Saturday, August 29, 2009

ups and downs

Last weekend I moved back to San Marcos and I was so happy to be back with all my friends. Things could not have been better. Then last night my very good friend came over and we just talked about everything. It was so awesome! But when she left I had this empty feeling inside and I just wanted to cry. I don't really know why I felt that way but I did. Then today we had a picnic with my campus ministry and I still felt kind of empty, I even felt a little bit down. I then realized that I felt that way because I didn't feel as much of a christian as my friend. I know that it's not true but thats just how I felt. After the picnic I was talking to my friend online and she told me something that has stuck with me for the rest of the day. She said that peole's walks with Christ are all different and people come from different backgrounds. I am just at a different part of my walk with Christ than she is but that does not mean that i'm less of a christian. one day I might be at the point where she is but right now i'm not but i'm still just as much of a christian as she is. I am happy with what God is doing in my life and I know that he is not finished with me yet. God puts people in your livess so he can speak through them to us and I feel very blessed to have have friends like that.

Friday, August 21, 2009

moving

Today I had to get up early for a Dr. appointment in Austin and I was not looking forward to it. There are some things in life that just make being a woman kind of suck. Anyways, I got that over with and it feels good to have that off my list of things to worry about. When we got back to Brenham we had to rent a truck and load what is the the biggest futon I have ever seen in the back of it. When we got home we had to load several other pieces of furniture in the back of the truck. Some very nice friends of ours came over and helped us, which was very nice of them because they are boyscouts and they know how to use bungie cords. During all of this we look up at the sky and notice that it's getting very dark. I was thinking, man this is just our luck that it would start raining right when we put all the furniture in the back of the truck. So we put tarps over it and hoped for the best. within 30 min. it rained for about 3 min. and that was it. So all is well and the furniture didn't get wet. yay! Most of the stuff is loaded in the two cars and the other stuff is on it's way to being ready to go. This is my last night at home with my mom before school starts and it's a bitter sweet moment for me. I am happy to go back to school to see all my friends but i'm sad to leave my mom in Brenham by herself. I know that I will be seeing he on some weekends and on holidays but it's still sad when I have spent my whole summer with her. Now I must finish packing and get some sleep so I will be ready for the 2 hour drive to San Marcos tomorrow and for a long day of unloading stuff in my new apartment. I hope tomorrow will be a good day and I can't wait to get settled in my new place.

Monday, August 10, 2009

Awesome weekend

This weekend I went to lake Buchannen with some amazing people and I really had a great time. It was so nice to get away from things and just be able to enjoy God's creation. I have been dealing with some stuff this summer and for the first time this weekend I did not even think about it and it was awesome! I am soooo glad that I finally said yes to going cause it not I would have missed out on something great.
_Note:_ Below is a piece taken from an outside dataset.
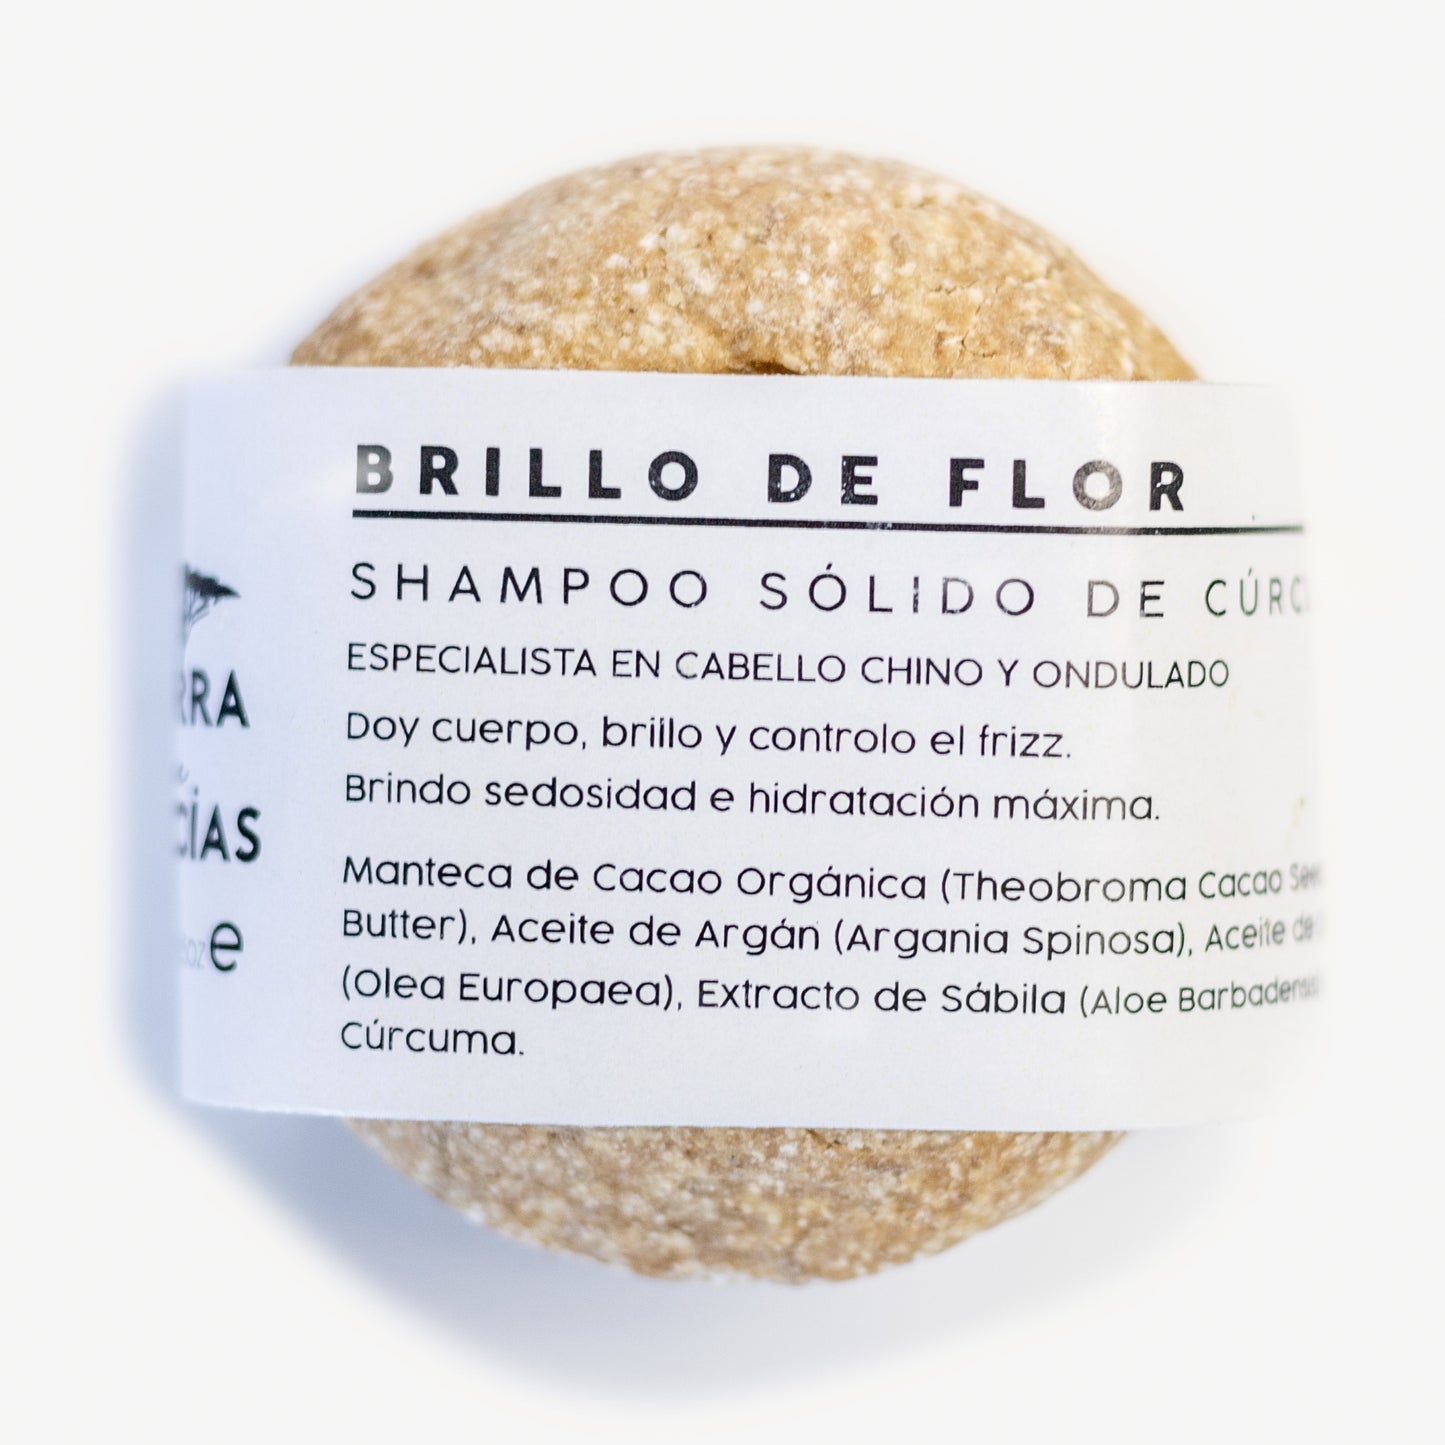 Brillo de Flor / Shampoo Sólido de Cúrcuma / Experto en Cabello Chino y Ondulado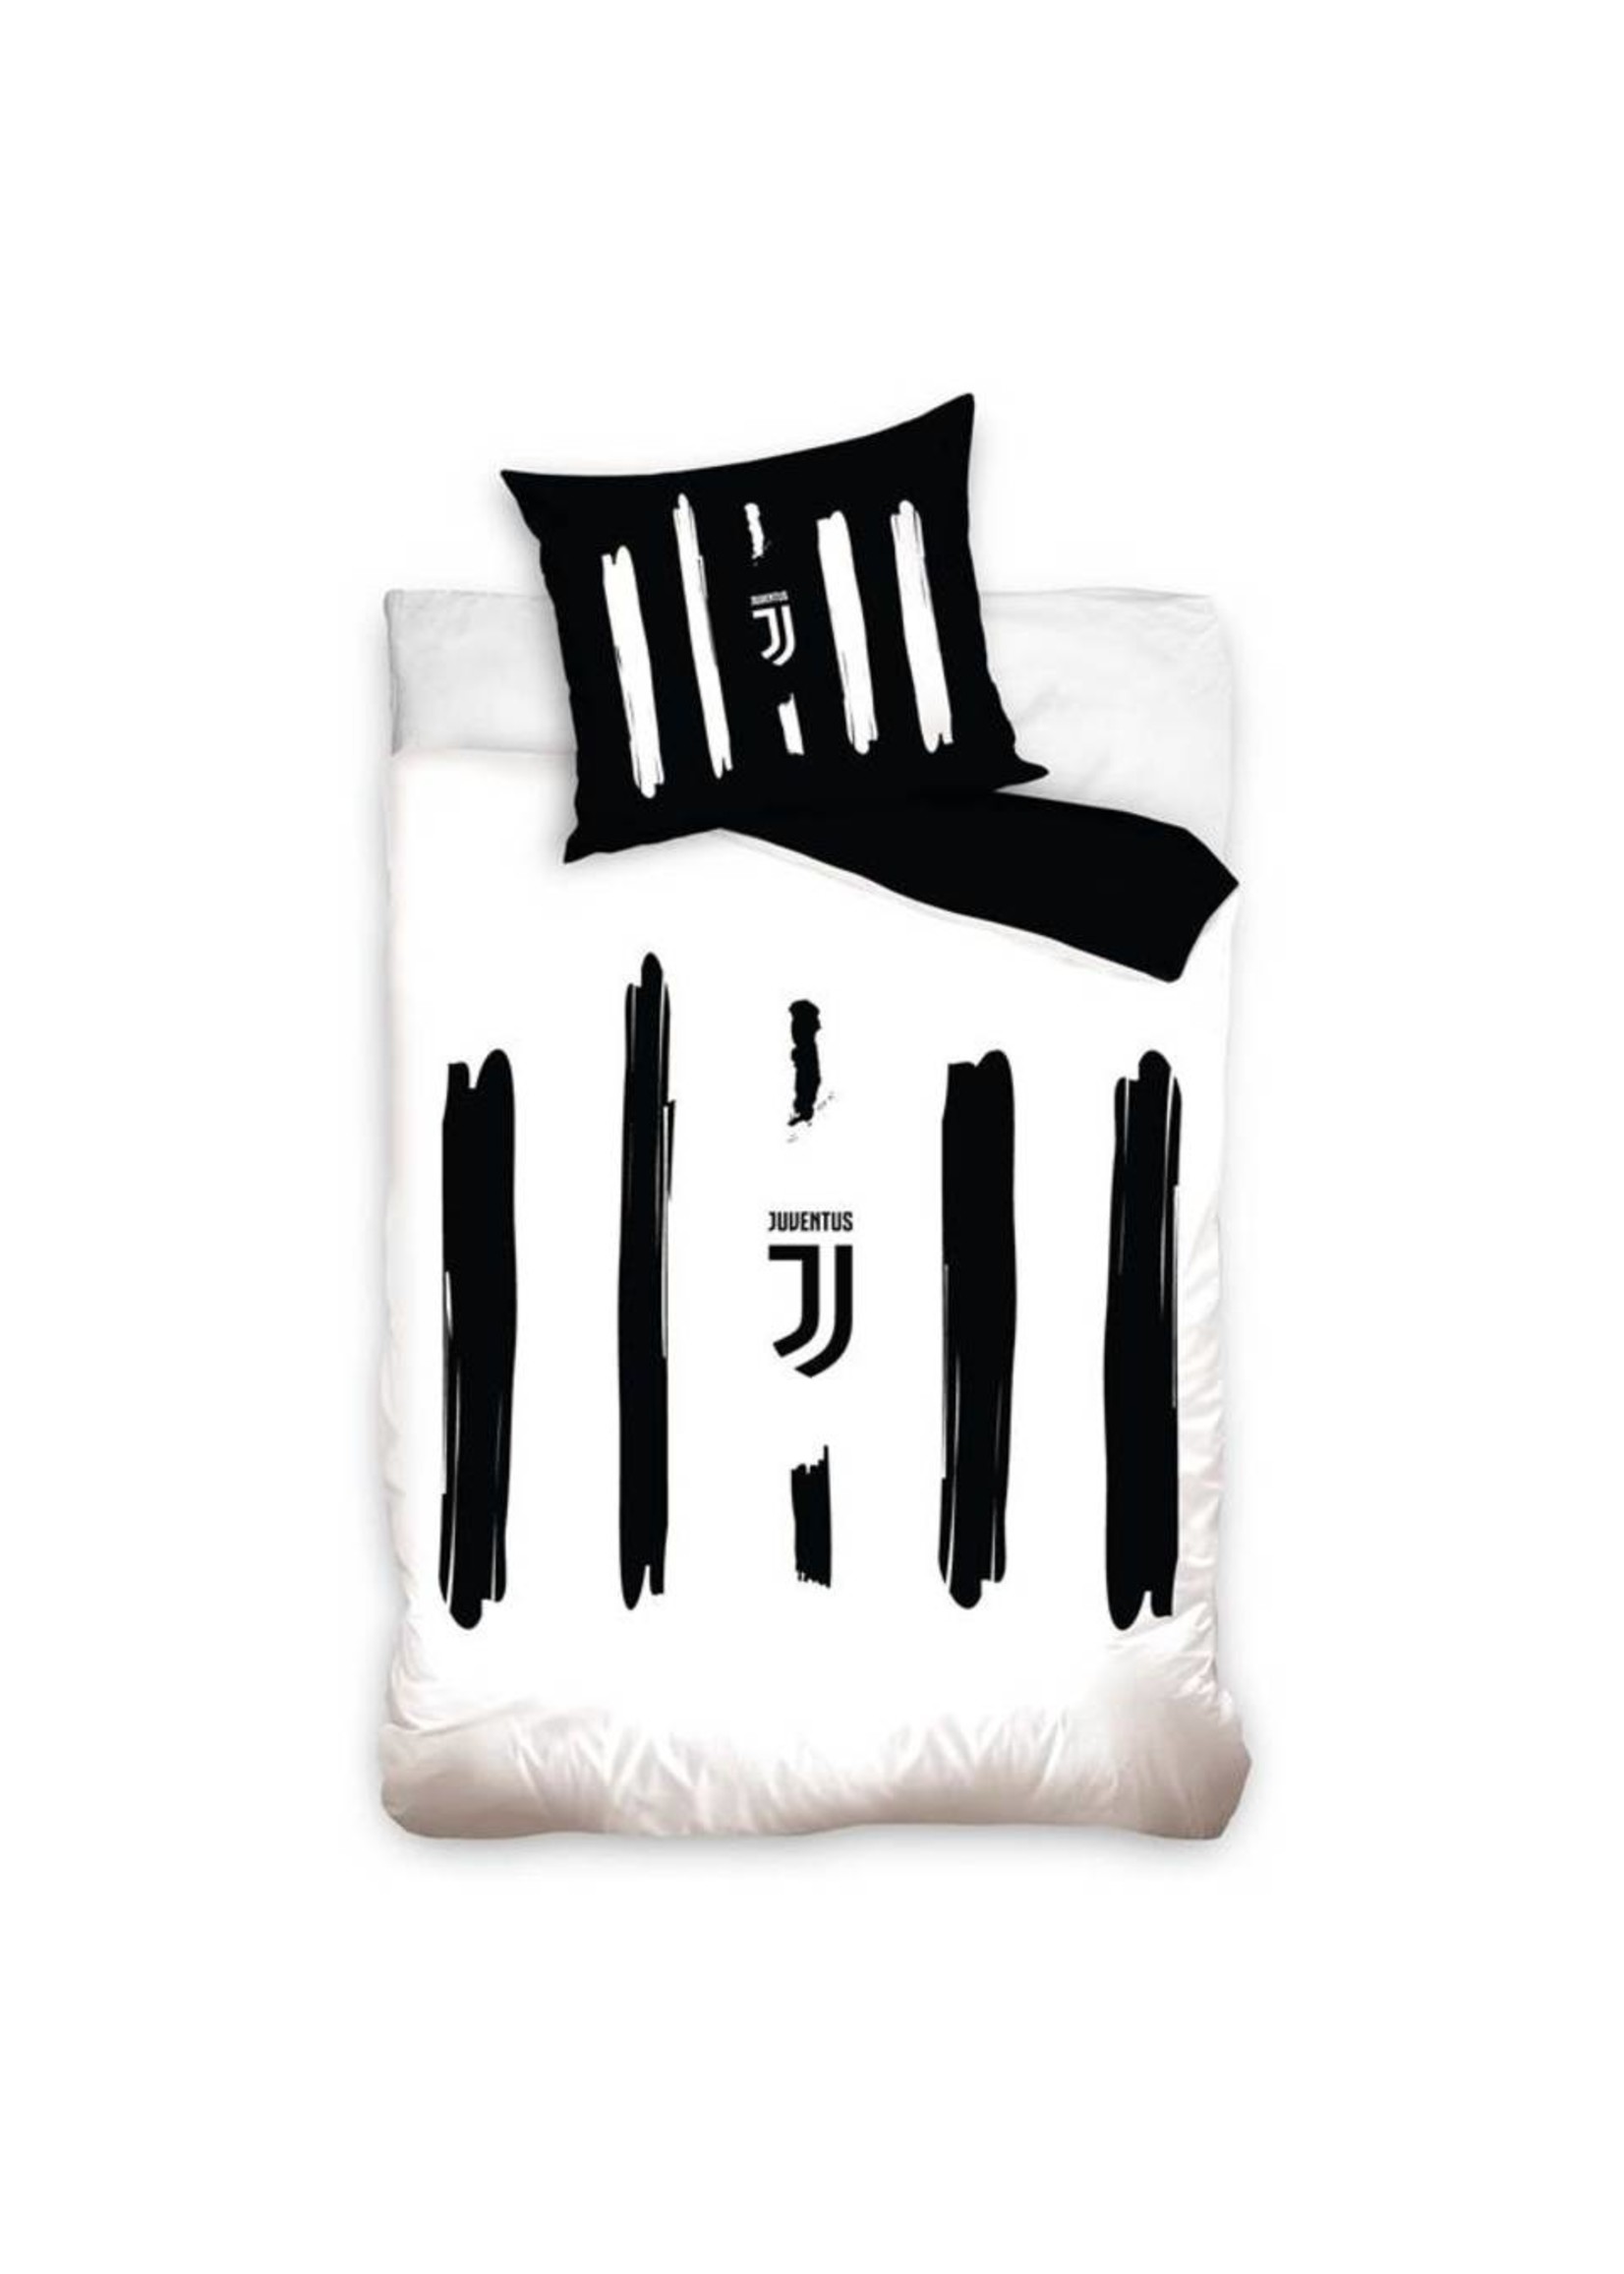 Juventus Duvet Cover Set

Through this lake trip I feel that I have made some friends that I will keep in touch with for the rest of my life. I think one of God's greatest gifts to man is the gift of friendship. I am really going to miss all the friends that I made on the lake trip. Now that the lake trip is over I have to start thinking about going back to school which is something I am not ready for. So while I get ready to go back to school I will enjoy all the great memories I have from the awesome weekend at the lake.